When interest in OpenClaw grew in early 2026, Shenzhen’s Longgang district announced free computer credits and cash prizes for OpenClaw projects. Wuxi and other cities followed with funding of up to one million from prominent donors, according to Sixth Tone. Tencent organized social inclusion sessions in Shenzhen that attracted retirees and students; Baidu held similar events in Beijing.
As the Diplomat reported, local governments and large technology companies were the deliberate builders of this momentum, planning their time to show signs since the political conference of the Two Events. China has overtaken the US in the use of OpenClaw, according to the American internet security company SecurityScorecard, but a significant part of that adoption has been legally coordinated rather than independently conducted.
Running costs are very low
An effective barrier to OpenClaw in many markets is the cost of implementation. An agent queries a large language model continuously, and those API costs add up quickly. For most Western users, that means paying OpenAI or Anthropic prices.

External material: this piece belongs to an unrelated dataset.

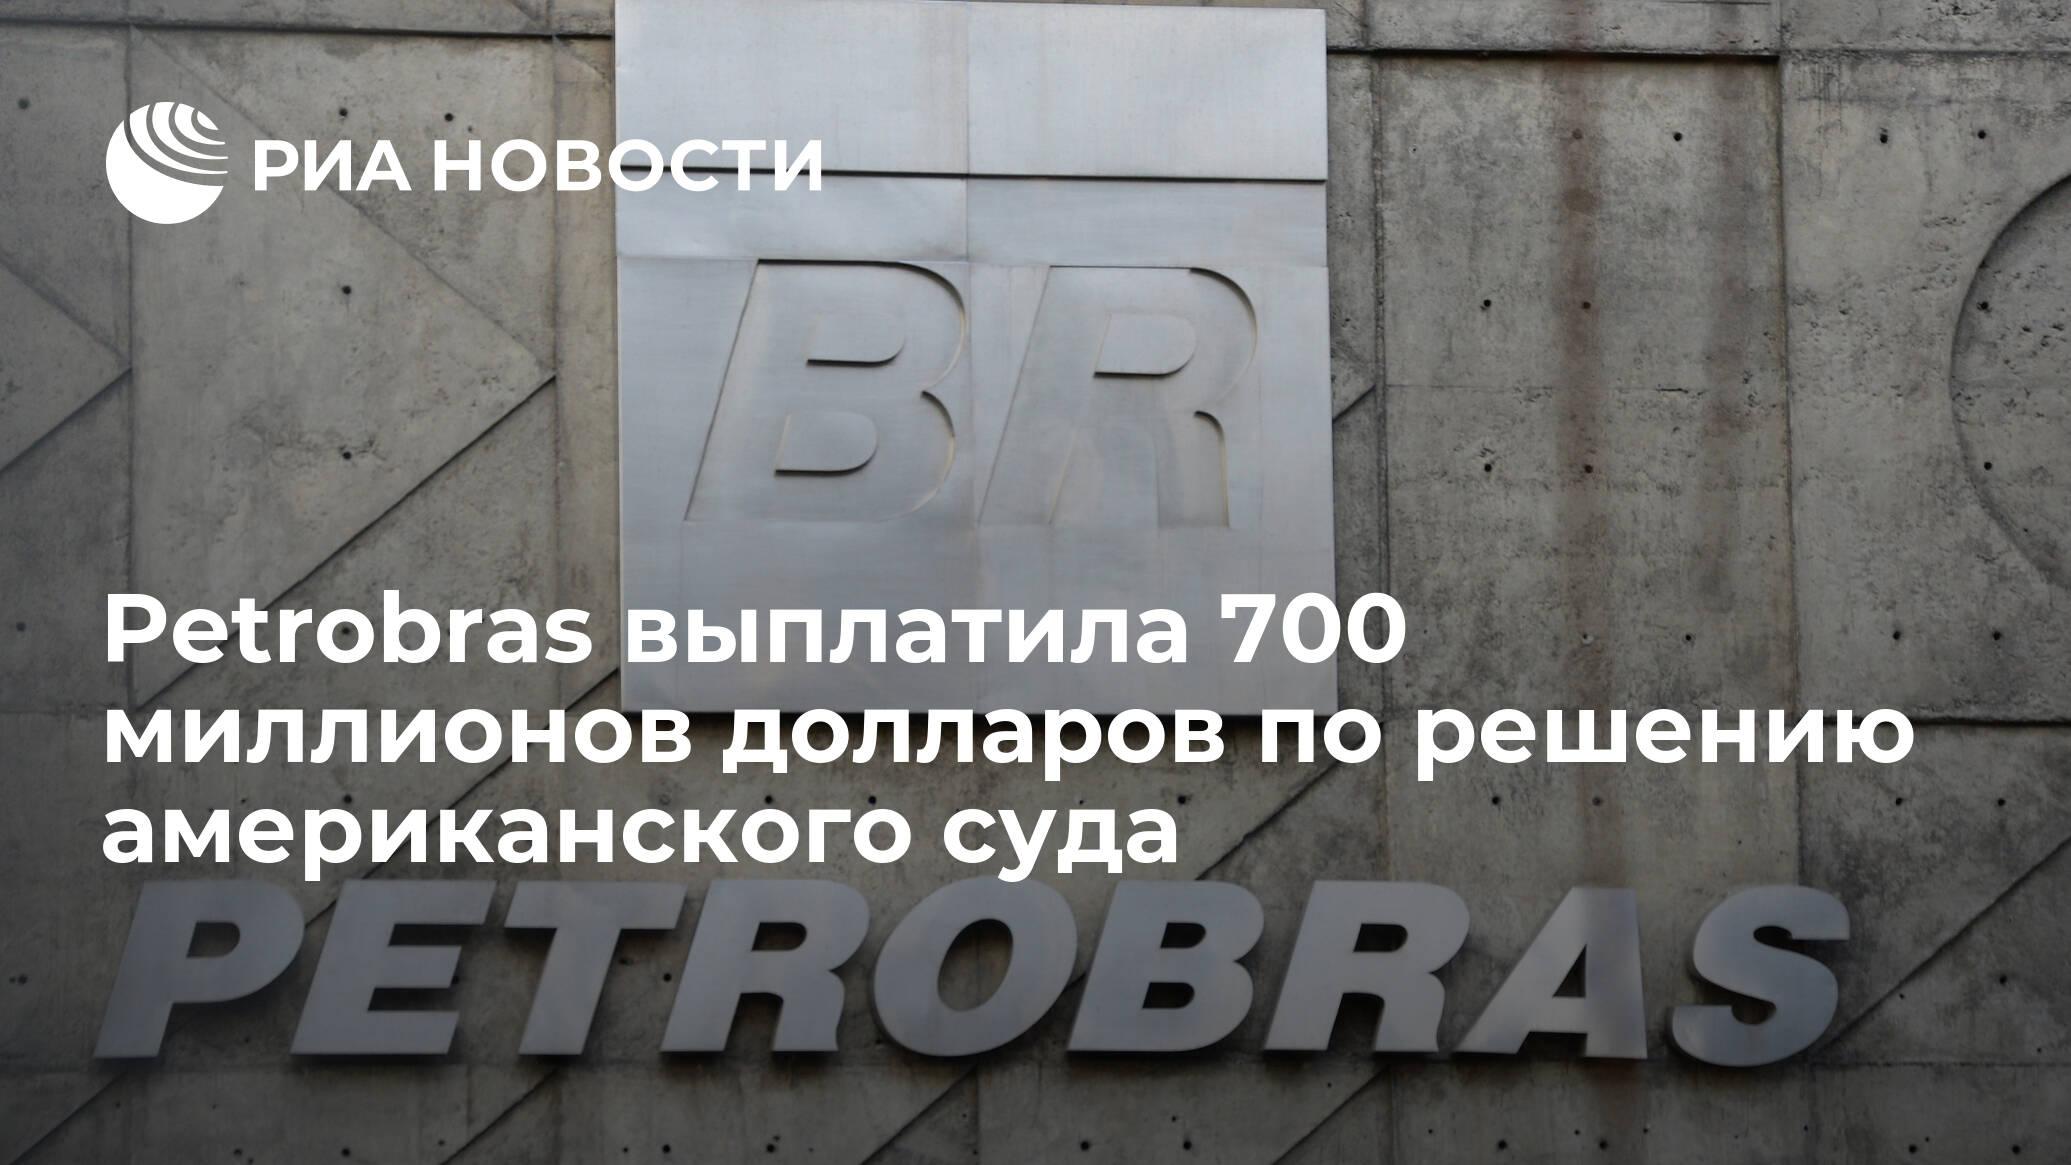 Petrobras выплатила 700 миллионов долларов по решению американского суда

Chinese users have a cheaper alternative. Domestic AI labs have released open source models that are capable at a fraction of the price of their US counterparts. According to OpenRouter data cited by CNBC, the three most used models among OpenClaw users in the marketplace last month were Chinese, with a combined use of twice that of the top models Google Gemini and Anthropic Claude. The low cost of thinking makes it easier for many people to manage the agent continuously.
Work anxiety causes adoption
China’s enthusiasm for OpenClaw isn’t just excitement about new technology. A May 2025 survey by the Cheung Kong Graduate School of Business found 85.5% of nearly 12,000 Chinese respondents were concerned about how AI could affect their work. Youth unemployment is expected to increase between 15% and 19% by 2025, and the hashtag #AIAnxiety has attracted an estimated 2.6 million views on RedNote, Worldwide.

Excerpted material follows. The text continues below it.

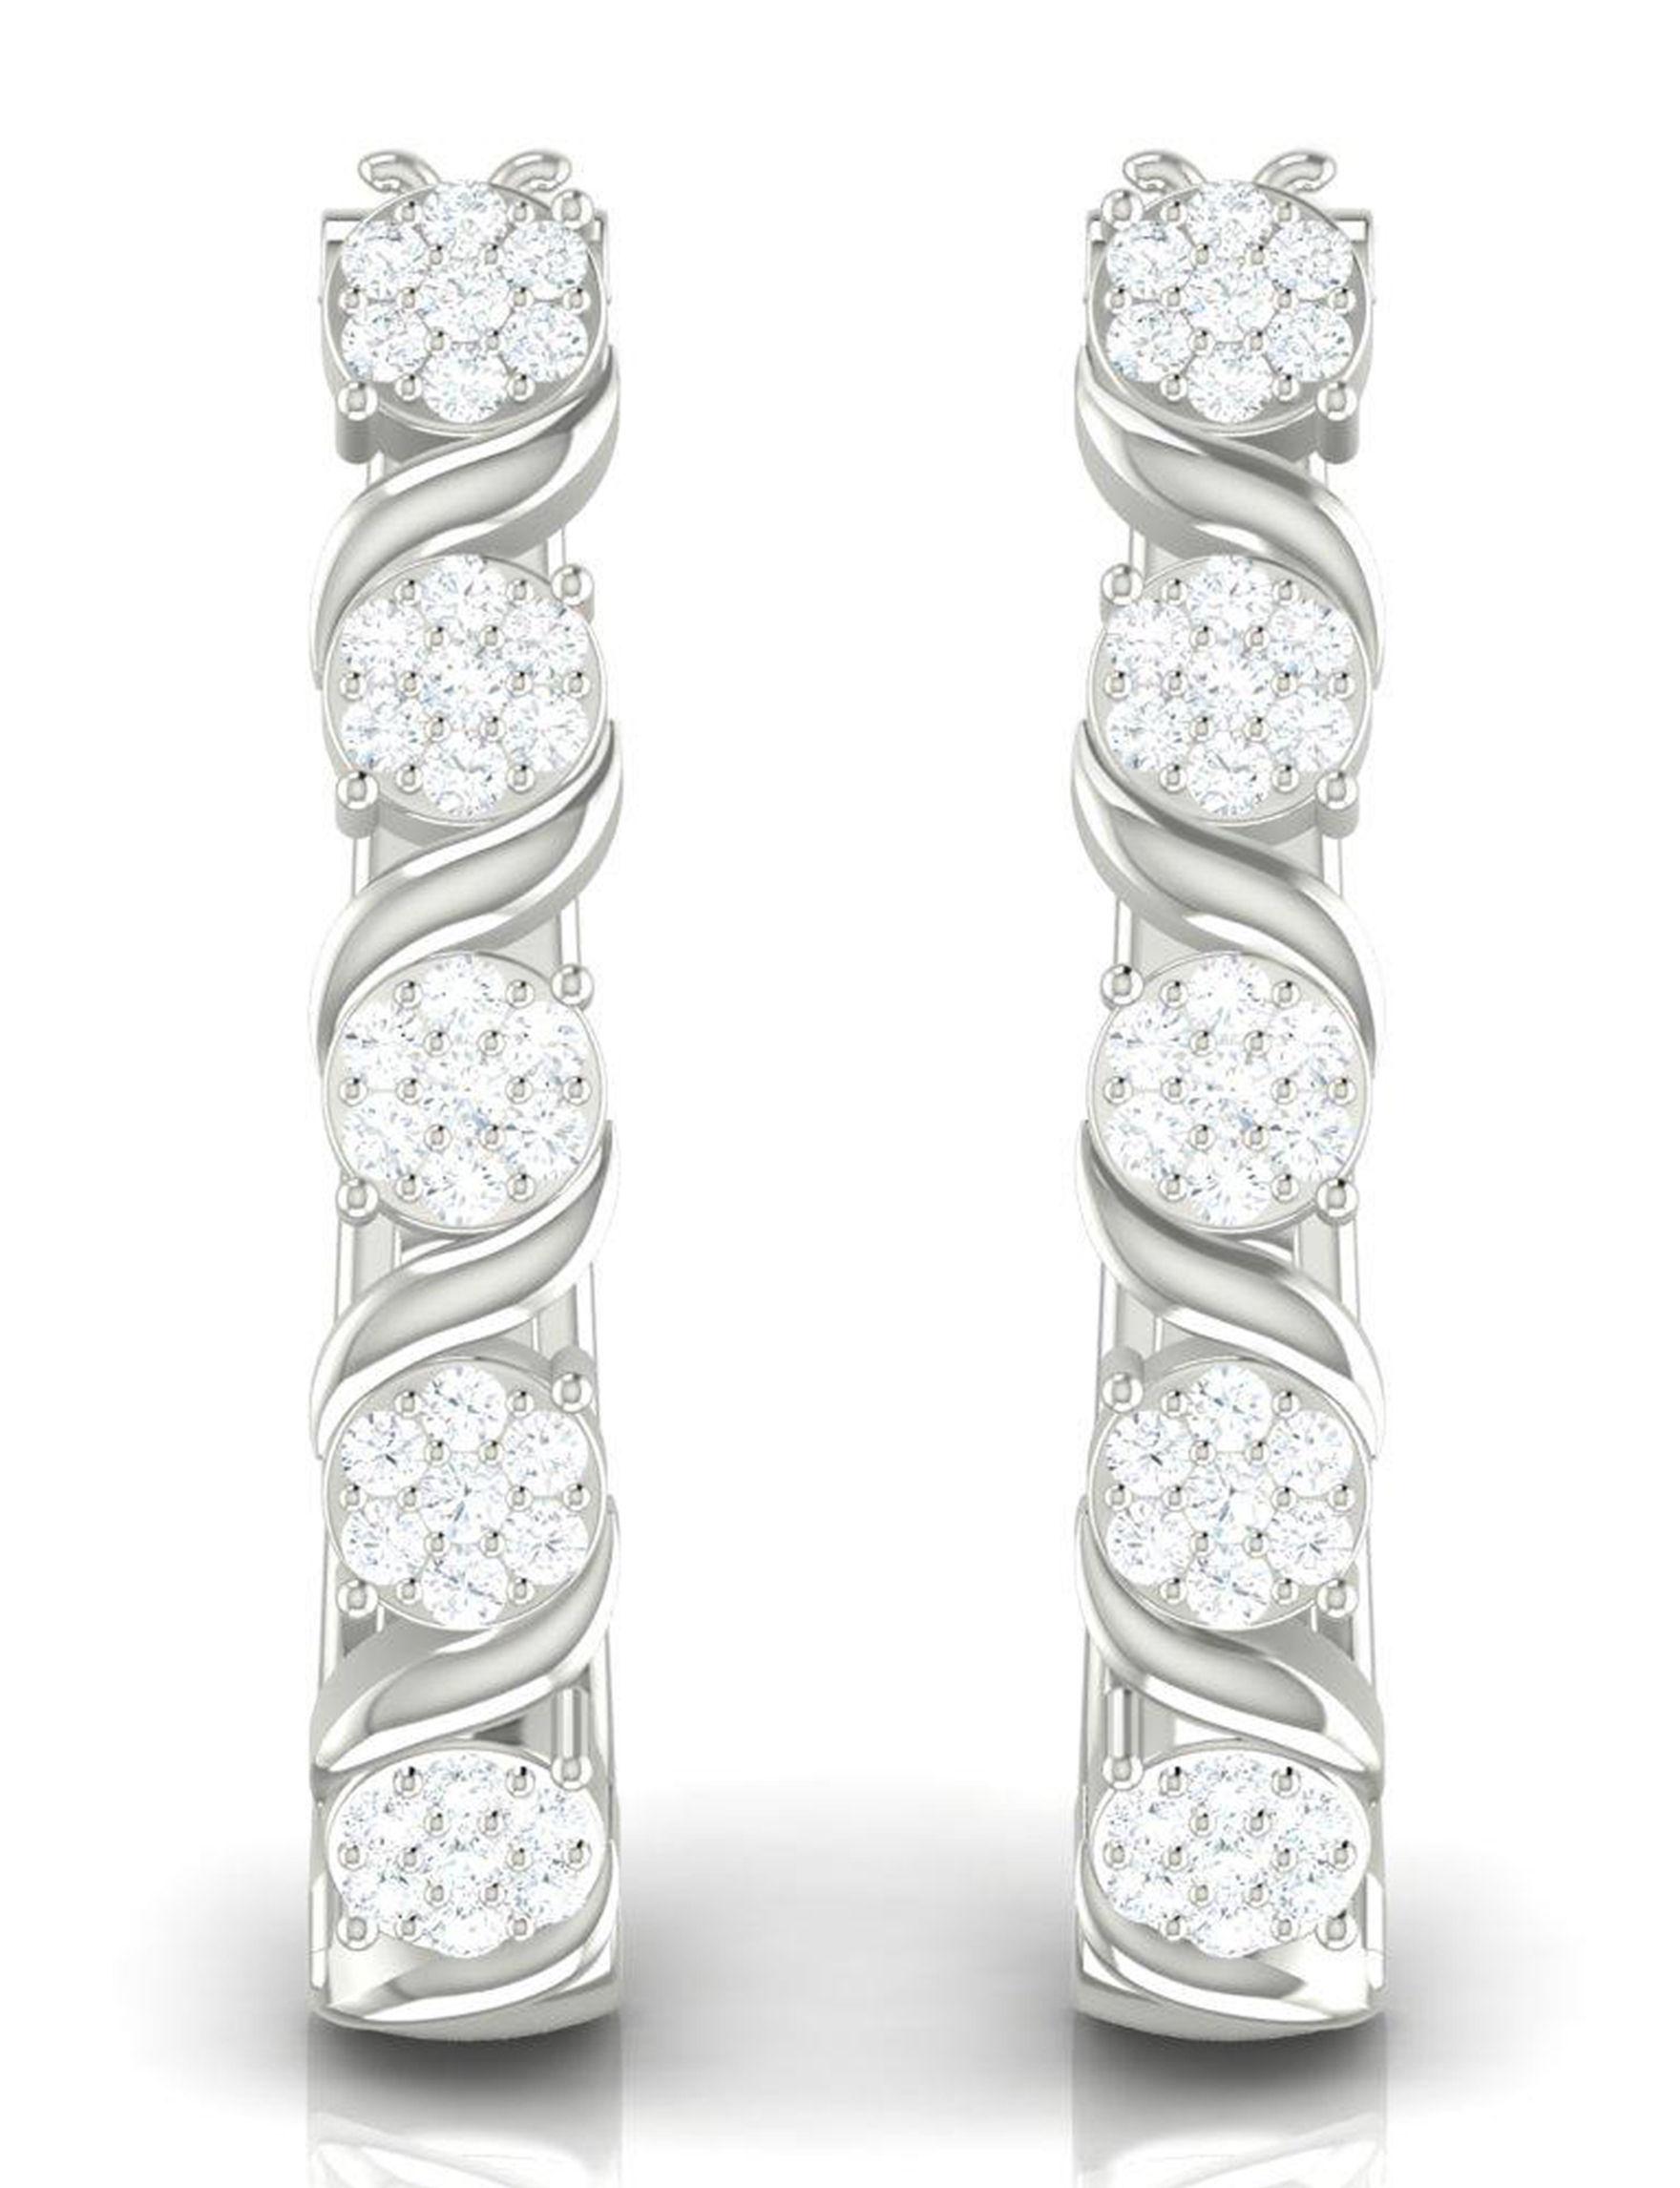 Shriyam Silver Hoops Earrings Fine Jewelry

The concept of a “one-person company” has caught on as a result: a single person using an AI agent to manage, market, and communicate without additional staff. “Human workers need to rest, but OpenClaw can work 24/7,” user Wang Xiaoyan told CNBC. For workers worried about unemployment, learning the tool sounds like a hedge.
Researchers are very cautious. Jiang Han, a senior researcher at Beijing think tank Pangoal, told Sixth Tone that for many people, OpenClaw is still a hobbyist’s toy rather than a practical business tool. Setup is difficult for non-technical users, costs are high, and an agent can cause real damage if given untested access to systems.
Why can’t they compete in the same way in the EU or the US
GDPR, CCPA, and similar laws make it legally difficult to give an AI agent broad access to email, calendars, and messaging apps, which is exactly what OpenClaw requires. There is no institutional push compared to the coordinated output of the Chinese government, and until recently, the cheapest models were American ones, making continued use expensive.
China’s official media has cited privacy laws and API costs as the main reasons the West hasn’t seen the same madness, as noted by The Diplomat. That explains part of the gap. It does not take into account the fact that China’s innovation was actively produced from the top down, which many countries have not attempted.
There are still obstacles
The central government has banned state-owned enterprises, banks, and government agencies from using OpenClaw on office computers, citing security risks that China’s Ministry of Industry and Information Technology flagged in February 2026. Cybersecurity researchers have documented the risks, including rapid injection attacks and data extraction through third-party integration.
Regular users have raised concerns, too. “It’s hard for us regular people to know what access we’ve given and what you’ve taken,” new user Gong Zheng told CNBC. We can echo that concern for anyone testing agent AI tools. The enthusiasm for OpenClaw is real, but so are the risks, and they don’t go away because the local government subsidizes its use.